Brief - Only one portion of the data is to be written out: from the line bearing "EVS 2430Wi User’s" through the line bearing "How to determine if backlinks are working?". Write it exactly as it appears.

The data -
┄┄┄┄┄┄

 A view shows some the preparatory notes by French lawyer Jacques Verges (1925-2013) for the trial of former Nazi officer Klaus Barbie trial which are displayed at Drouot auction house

┄┄┄┄┄┄

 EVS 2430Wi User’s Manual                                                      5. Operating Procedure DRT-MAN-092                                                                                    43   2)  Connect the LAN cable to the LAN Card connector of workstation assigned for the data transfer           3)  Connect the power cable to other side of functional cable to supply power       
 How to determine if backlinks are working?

┄┄┄┄┄┄

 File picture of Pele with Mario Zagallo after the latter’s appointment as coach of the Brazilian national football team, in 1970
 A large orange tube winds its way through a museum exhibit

┄┄┄┄┄┄

Exercise answer -
 EVS 2430Wi User’s Manual                                                      5. Operating Procedure DRT-MAN-092                                                                                    43   2)  Connect the LAN cable to the LAN Card connector of workstation assigned for the data transfer           3)  Connect the power cable to other side of functional cable to supply power       
 How to determine if backlinks are working?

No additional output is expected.